THOUGHTSCULPT: Reasoning with Intermediate Revision and Search
Yizhou Chi, Kevin Yang, Dan Klein
TL;DR
THOUGHTSCULPT addresses the need for iterative reasoning with the ability to revise intermediate outputs in large language models. It proposes a general framework built around three modules—Thought Evaluator, Thought Generator, and Decision Simulator—and employs Monte Carlo Tree Search to navigate a graph of thought nodes with revision actions. Across Story Outline Improvement, Mini-Crosswords, and Constrained Generation, THOUGHTSCULPT consistently outperforms strong baselines, especially when using MCTS, while remaining inference-only and not requiring extra training. The approach offers a flexible, task-agnostic planner for long-form reasoning and creative generation, with potential impact on diverse domains requiring structured, revisable outputs, at the cost of higher computational demand.
Abstract
We present THOUGHTSCULPT, a general reasoning and search method for tasks with outputs that can be decomposed into components.
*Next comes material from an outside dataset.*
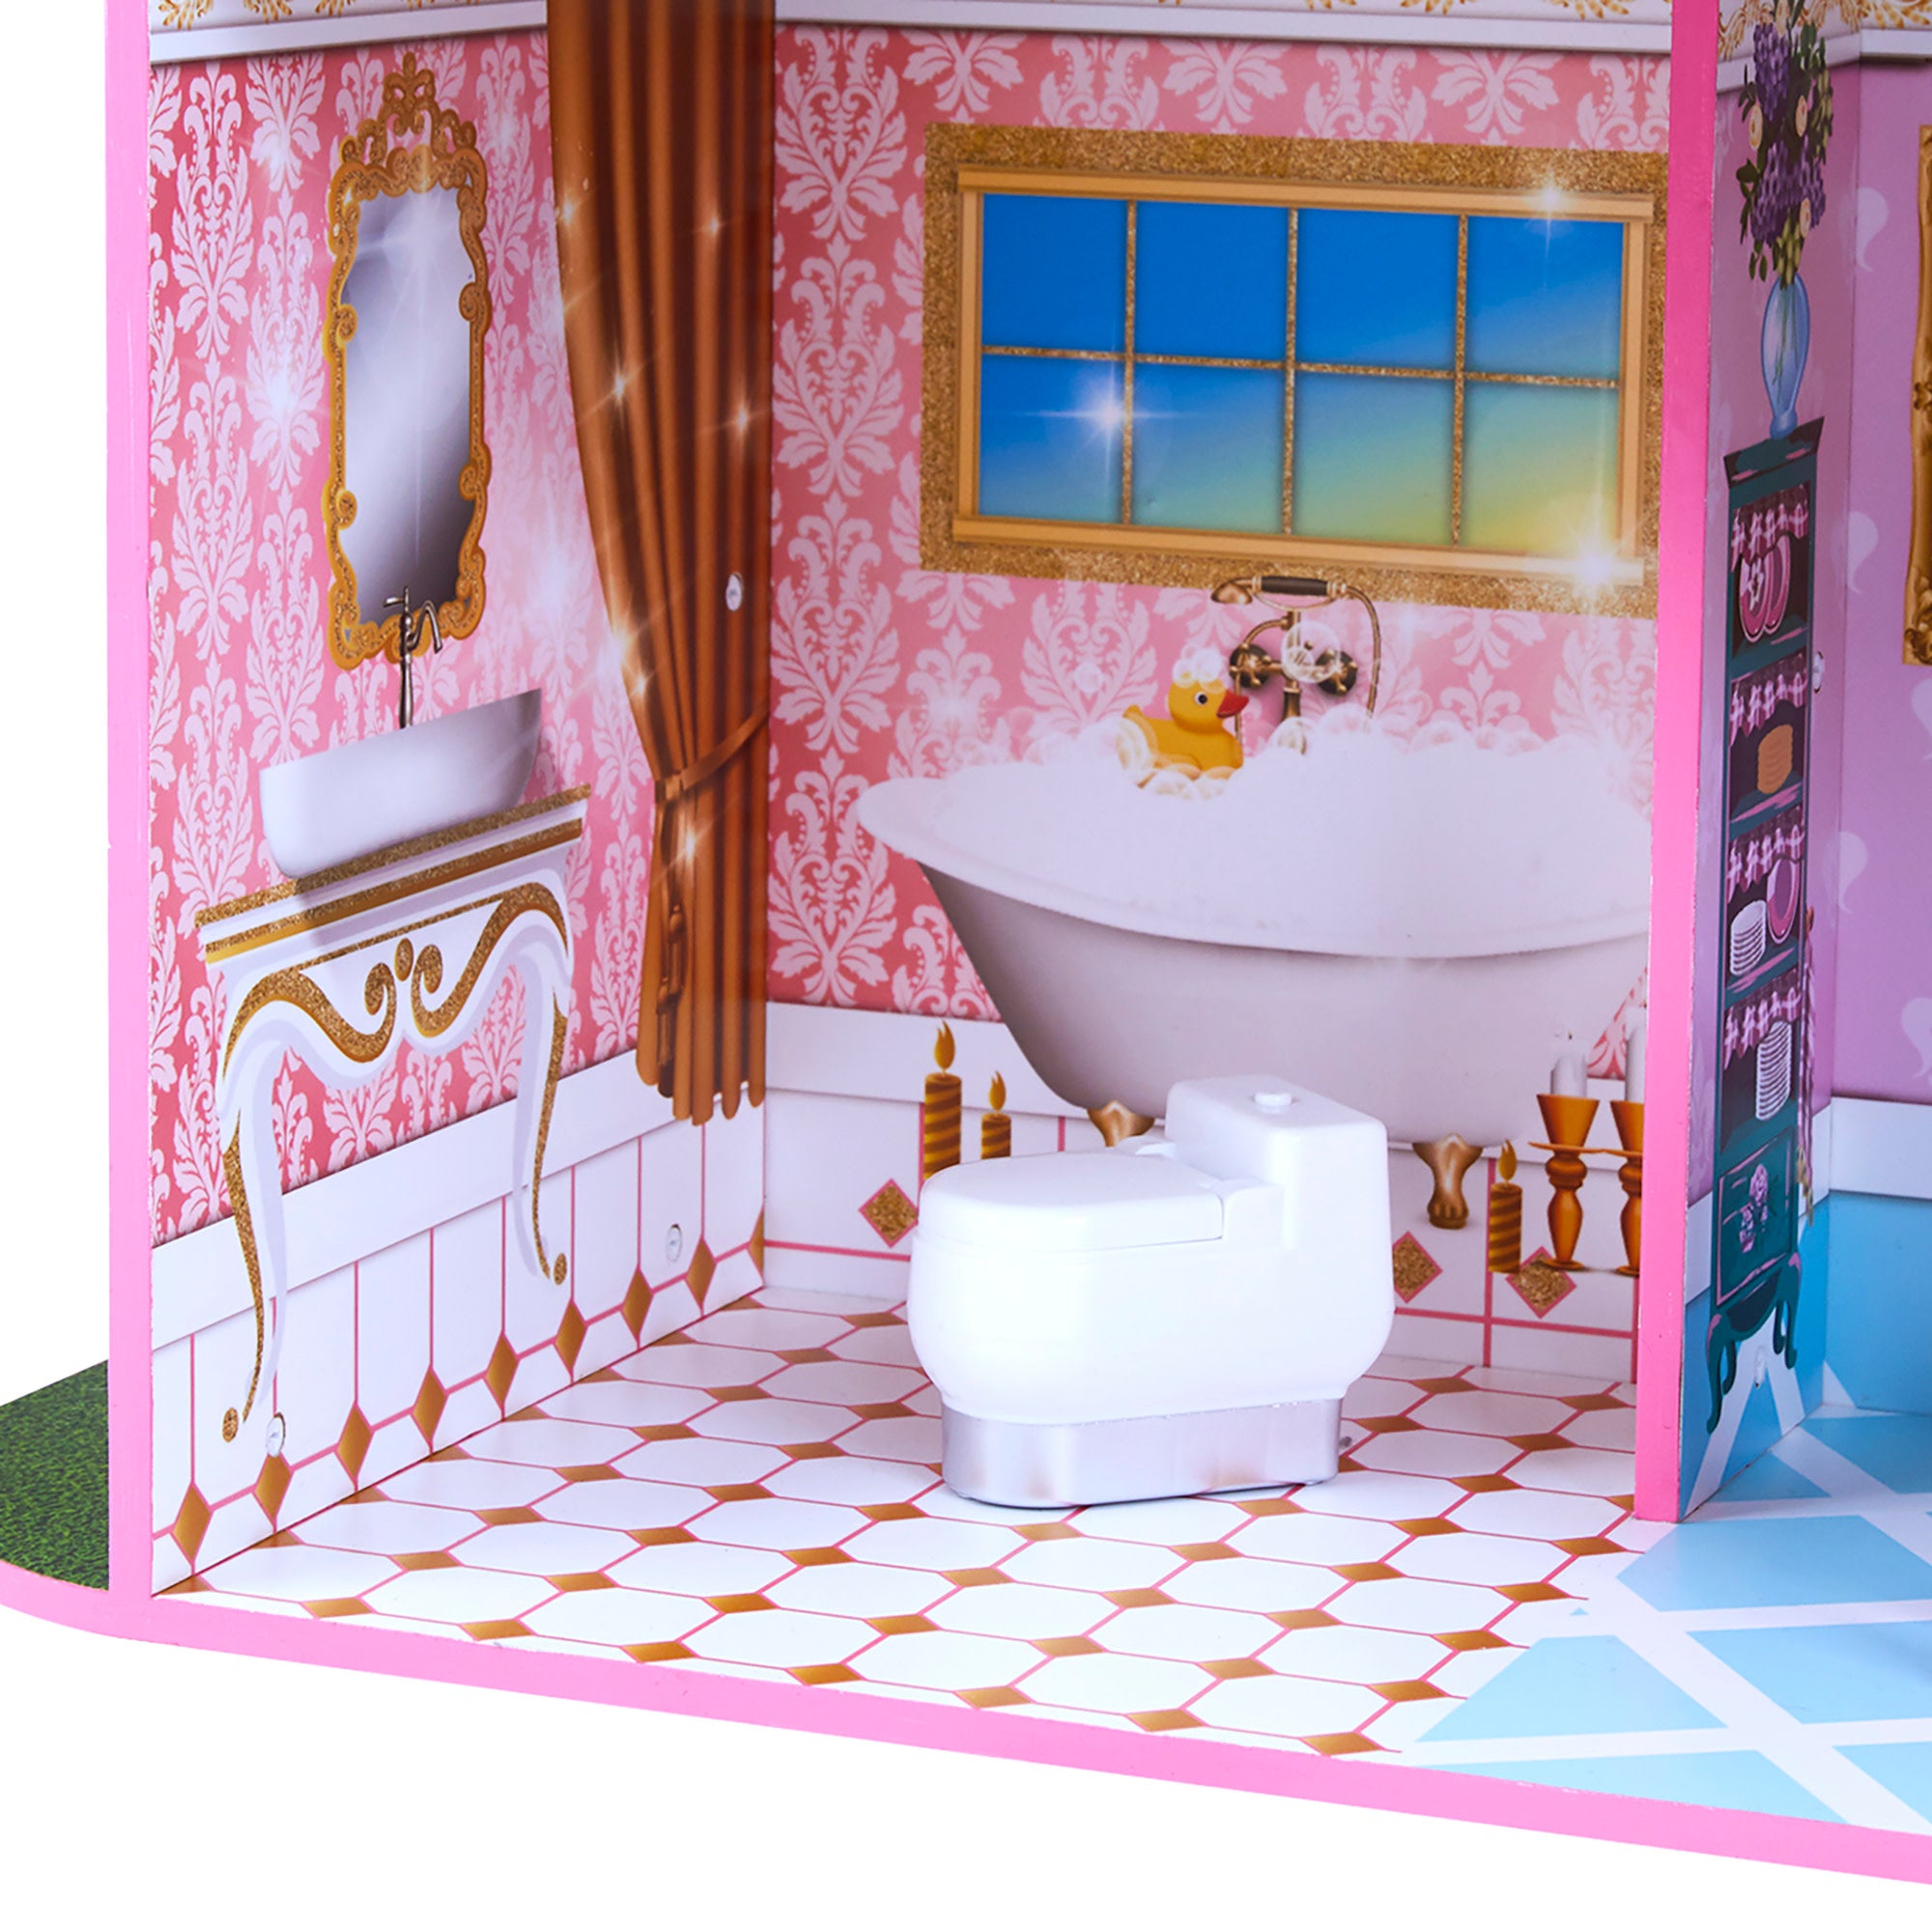 Olivia's Little World Furnished Castle Dollhouse for 12" Dolls, Multicolor

THOUGHTSCULPT explores a search tree of potential solutions using Monte Carlo Tree Search (MCTS), building solutions one action at a time and evaluating according to any domain-specific heuristic, which in practice is often simply an LLM evaluator. Critically, our action space includes revision actions: THOUGHTSCULPT may choose to revise part of its previous output rather than continuing to build the rest of its output. Empirically, THOUGHTSCULPT outperforms state-of-the-art reasoning methods across three challenging tasks: Story Outline Improvement (up to +30% interestingness), Mini-Crosswords Solving (up to +16% word success rate), and Constrained Generation (up to +10% concept coverage).